I quite like La Paz. A small city, on the sea of Cortez, an outdoor culture, with a vibrant downtown full of interesting shops, cafes, bars, restaurants that are alive with people out and about. There are a lot of tourists and gringos, but not overwhelmingly so. As a testament to how warm and friendly people are, I ended up having 3 protracted conversations my first night with people I met out on the town. 


I asked someone at one point where I could find an area with different places to eat that wasn't touristy. I ended up at 'the market eatery'.   Basically a food court of mostly woman chefs with their own kitchen.  Even though it's much of the same food you find in restaurants, there's no pretense about the food, the setting or the service, so it's also much cheaper. This is my kinda place. 

Before catching  the ferry from La Paz, I decided to do the loop down to the end of the Baja península-Cabo San Lucas. 

First to Todos Santos where I had a warmshowers host arranged. A nice town center atop a hill not far from the beach.
I walked the beach for a few hours and met a couple expats with whom I chatted for a while about how they find living if Todos Santos. While talking we observed a mother and child whale breach /play about a mile off the shore, that was quite special. Soon after the whales departed a school of manarays moved across our view, jumping in droves.

South towards Cabo San Lucas I stopped in Pescadero to check out Cerritos Beach, known as a great surf spot.
The coastal highway south made for some nice views, despite the growing traffic towards Bajas tourist epicenter.
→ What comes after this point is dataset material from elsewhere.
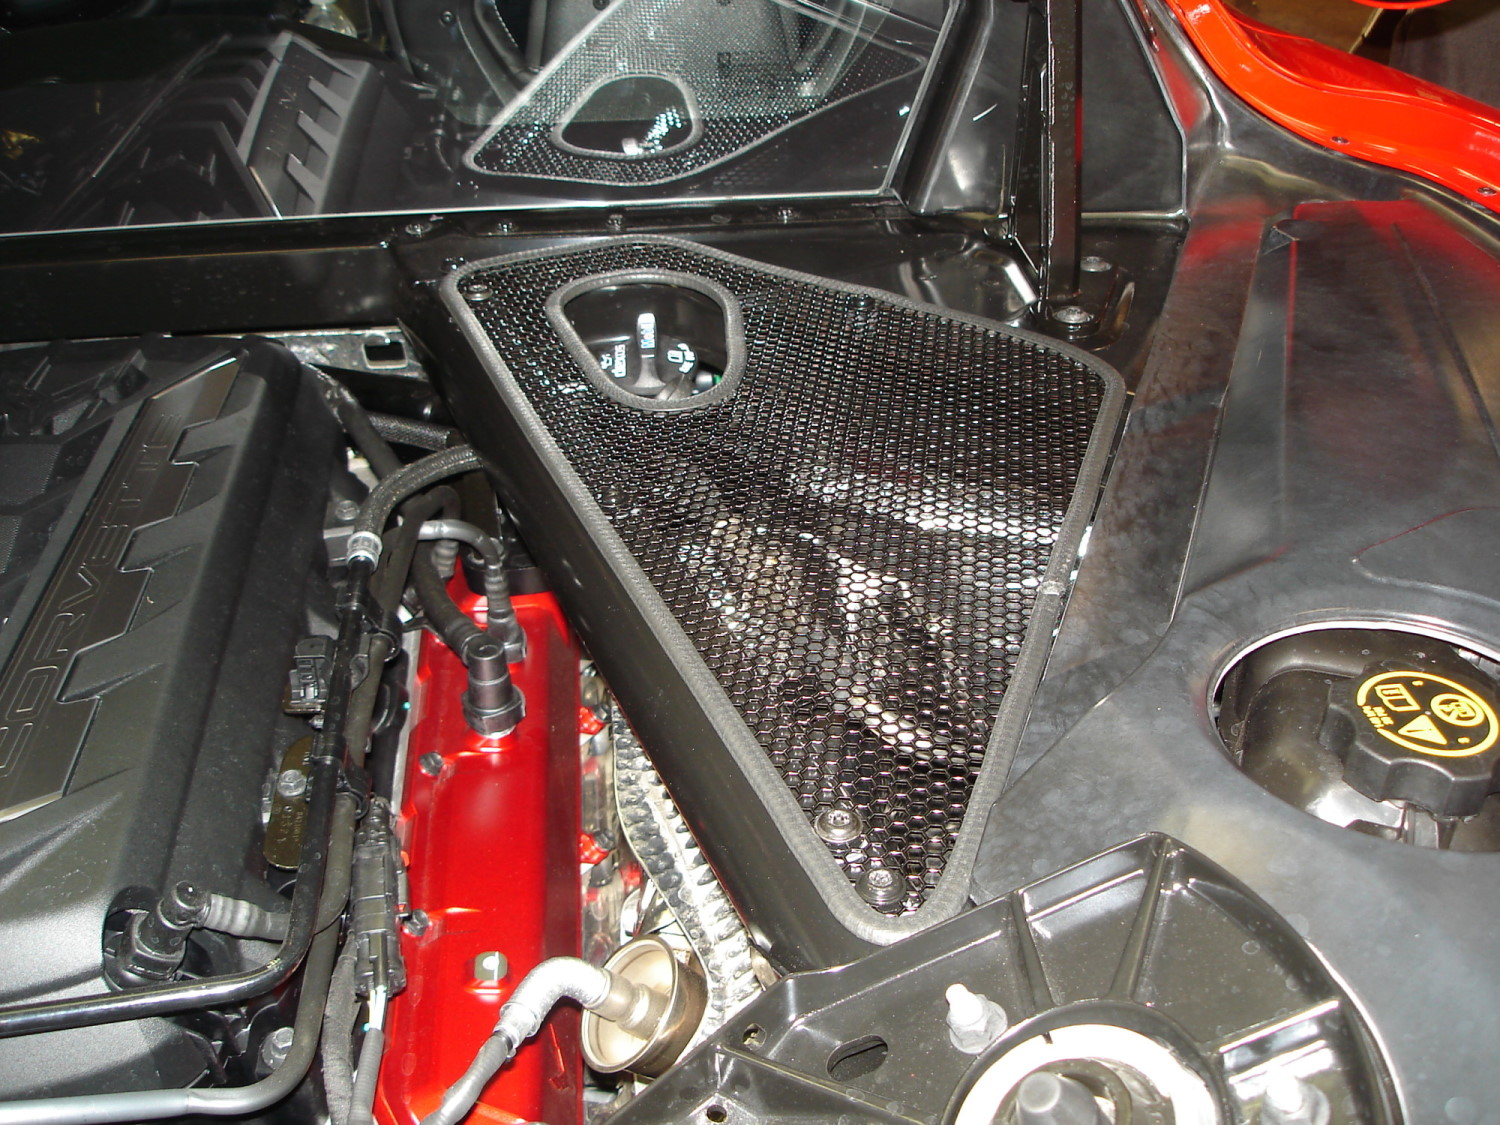 2020 - 2022 Chevy Corvette C8 Mesh Engine Covers #3

As the quintessential example of the result of excessive western tourism and development, I have nothing positive to say about Cabo San Lucas. Yachts, luxury retail, overpriced food, bars, hotels, strip clubs and hoards of guys pushing drugs, I had no interest in staying. 
The amount of development going on north of Cabo blew my mind. For about 15ks there was nonstop high end luxury resorts /hotels and more being constructed. 

San José de Cabo, on the other hand, was a more quaint town where I found a great family restaurant and a church overflowing with people and song. 

Returning to La Paz for a few days rest, I made a day trip by boat over to la isla Espíritu Santo. A really neat island; many spend days circumnavigation it. 
You un see here an image of Baja shining through the rocks :
I even got to snorkel with loads of fish and sea lions. The babies are playful like puppies, darting about underneath you and jumping around you. 

I really like La Paz. I ranks in my top 10 favorite cities in the world. I was sad to leave. But it was a 15 hour ferry ride to Mazatlán, Sinaloa on the main land.